Finding Time Series Anomalies using Granular-ball Vector Data Description¶
Conference: AAAI 2026 arXiv: 2511.12147 Authors: Lifeng Shen, Liang Peng, Ruiwen Liu, Shuyin Xia, Yi Liu Code: https://github.com/notshine/GBOC
TL;DR¶
This paper proposes the Granular-ball One-Class Network (GBOC), which adaptively constructs density-guided Granular-ball Vector Data Descriptions (GVDD) in the latent space. By replacing traditional clustering or single-hypersphere assumptions, GBOC enables flexible modeling of normal time series behavior and robust anomaly detection.
Background & Motivation¶
Time series anomaly detection is critical in complex cyber-physical systems such as industrial monitoring, data centers, and smart factories. Existing methods fall into three main categories:
Nearest-neighbor methods (e.g., KNN): Rely on local density or proximity. In group anomaly scenarios, a cluster of anomalous points may mutually serve as each other's "neighbors," leading to misclassification as normal; they also fail to capture global or temporal structure.
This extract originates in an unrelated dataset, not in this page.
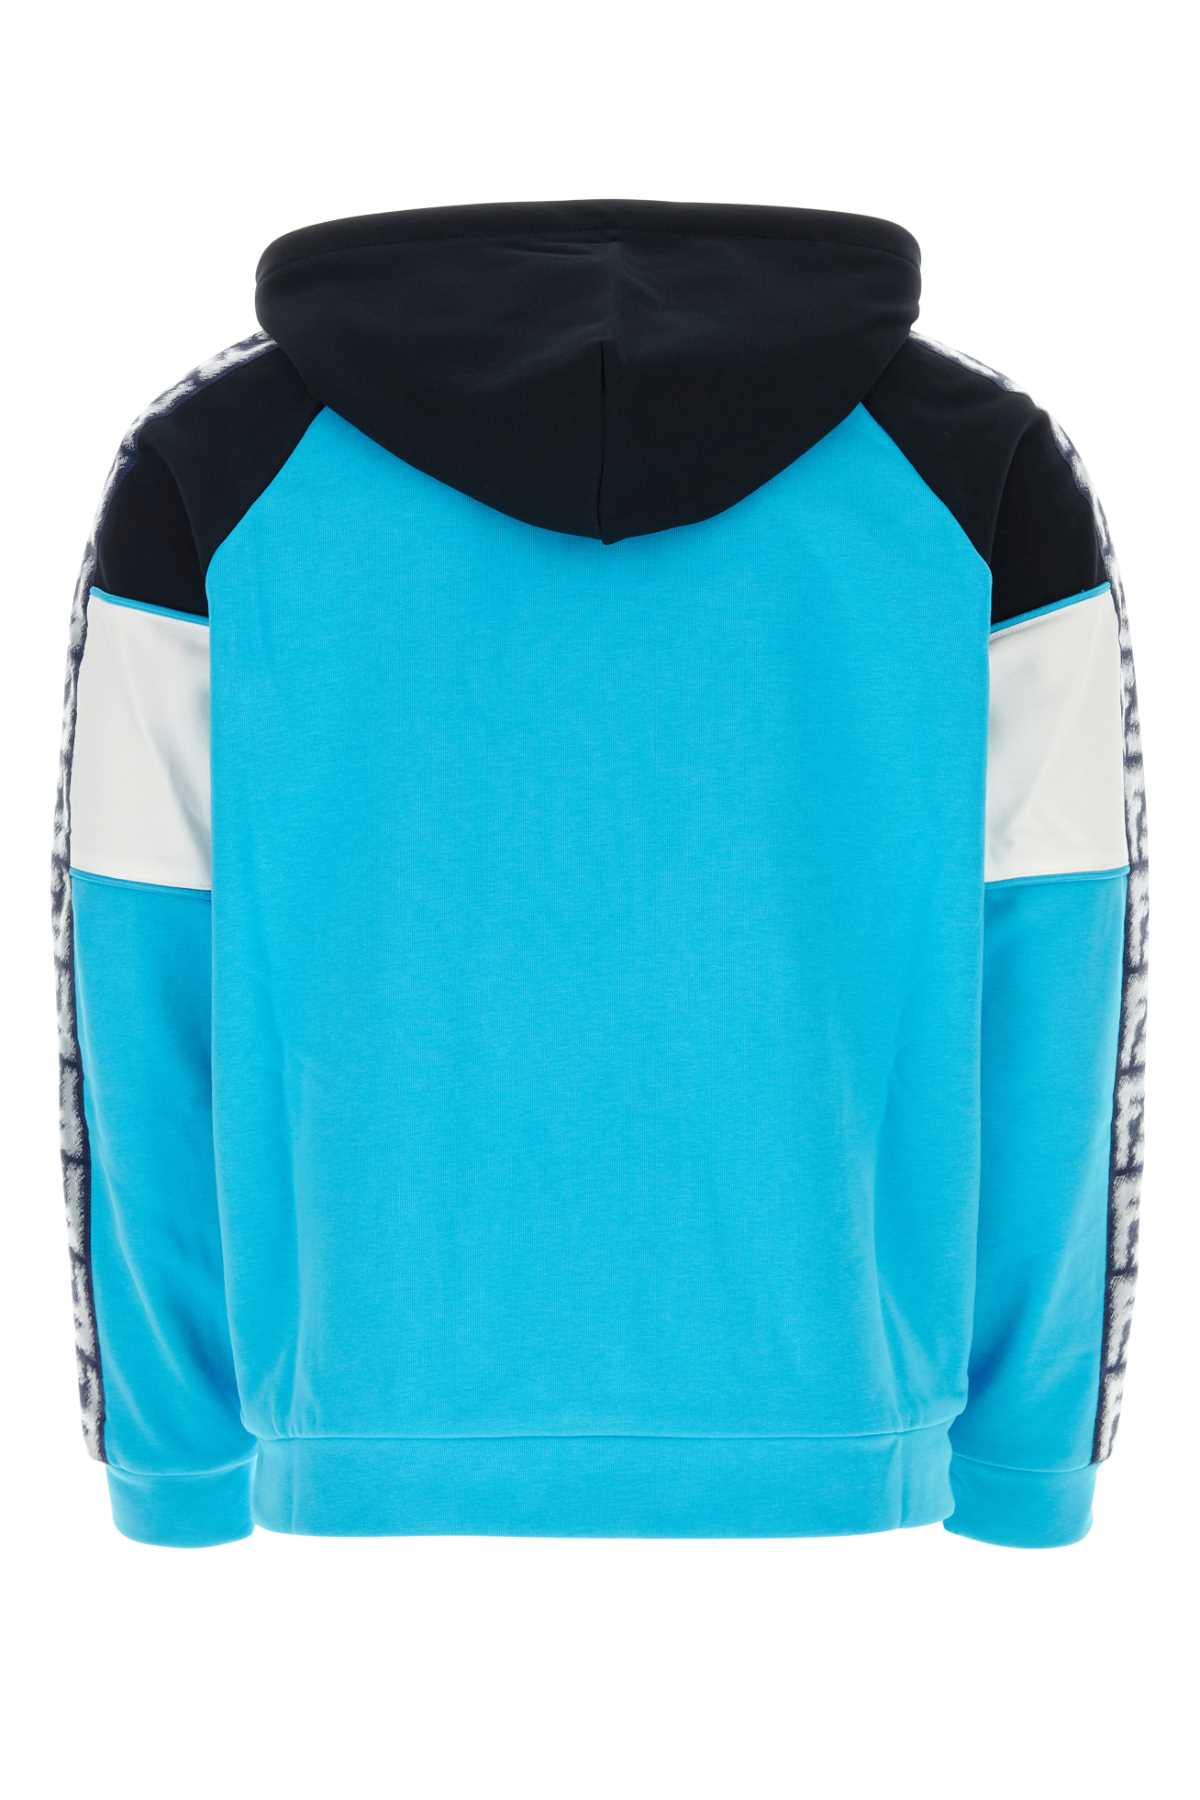 Fendi Multicolor Cotton Sweatshirt In F1krv

Clustering methods (e.g., KShapeAD, KMeansAD): Require a predefined number of clusters and assume normal data forms discrete, well-separated cluster structures. However, representations derived from sliding windows over time series typically exhibit structural continuity with smooth transitions rather than discrete boundaries, making rigid cluster partitioning ill-suited to such data.
One-class classification methods (e.g., DeepSVDD, SVDD): Model normal data as a single hypersphere. This oversimplified assumption fails to capture the diversity of multi-modal normal patterns.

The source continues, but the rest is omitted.